Tuesday, August 30, 2011

Syllabus

Art History 102, Fall 2011: Course Syllabus
Wednesdays 1:40-4:30/ or /5:30-8:20pm
Klapper Hall, Room 403
Instructor: Jarrett Earnest (jarrett.earnest@qc.cuny.edu)
Office Hours: Wednesdays, 12:15-1:15 or by appointment 
Office: Klapper Hall, Office 161
Course Description:
ARTH 102 is a survey of the history of Western art from the Renaissance to the contemporary period. The course is the second part of a two-semester sequence designed to survey the historical development of art & architecture in Western civilization. 
Course Objectives: 
The goal is to understand the physical reality of an artwork as the product of intellectual choices made by the artist. Each of these choices has a history that connects it to the artistic, social, and political climate of its own period, and accumulates content with the continued engagement of generations of viewers, writers and thinkers.
The naturalness with which we “see” disguises the fact that we understand every image through a highly organized code, an inherited “language of representation,” which we use without necessarily recognizing or understanding it.

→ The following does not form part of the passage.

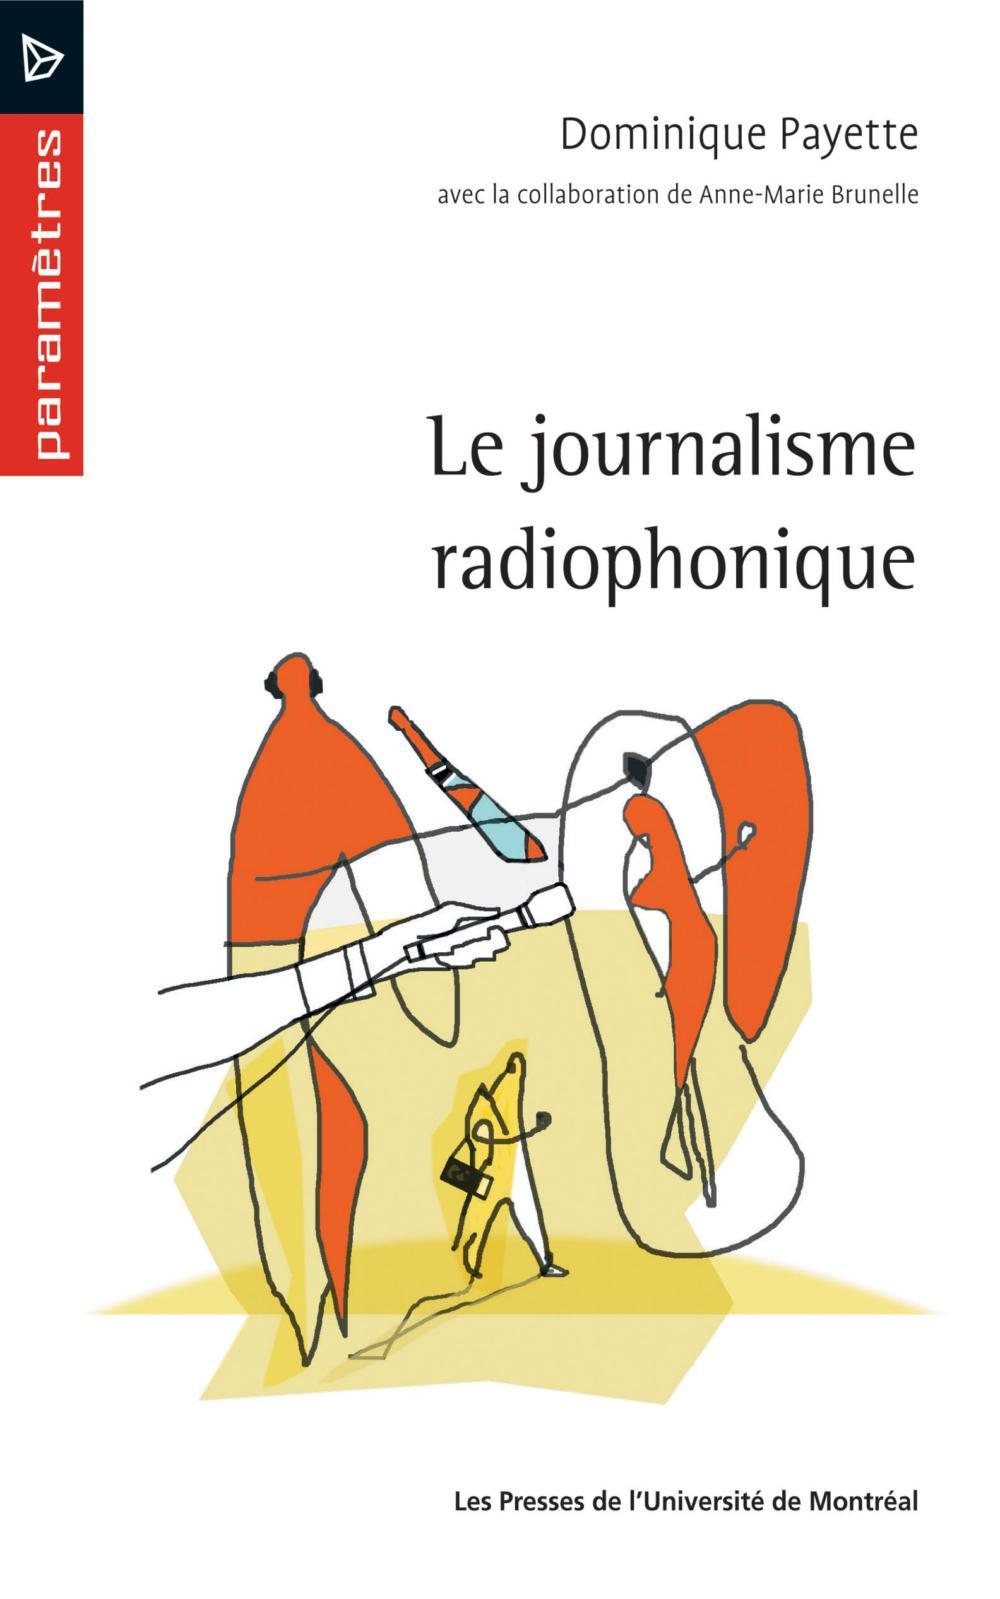 Le journalisme radiophonique

In this class we will be engaging the formal aspects of artworks – composition, color, line, medium – to explore how they structure our viewing like grammar structures writing. Through formal analysis and contextual readings we will work to pull artworks apart to decipher the complex code of seeing and knowing, or as the art historian E.M. Gombrich put it - making and meaning.  
In following painting and sculpture from the early renaissance to the end of the 20th century we will not only have a better understanding of the historical and chronological “History of Art” but be more equipped to engage with any work of art, and images of all kinds.
Course Structure & Requirements:
Course requirements and their grade values are as follows: 
Midterm Exam (30%) 
Final Exam (35%): 
Metropolitan Museum trip & assignment (20%)
Class participation & effort, including at least 1 substantial blog post (15%)
Required Textbook: 
Marilyn Stokstad, Art History: Portable Edition, Fourth Edition, Volumes 4 & 6. Upper Saddle River, NJ: Prentice-Hall, 2006 (4th edition). [A special packet with Volumes 4 & 6 is available at the Queens College Bookstore.] The page numbers in the syllabus reflect this edition, although you can easily follow the assignments with earlier editions.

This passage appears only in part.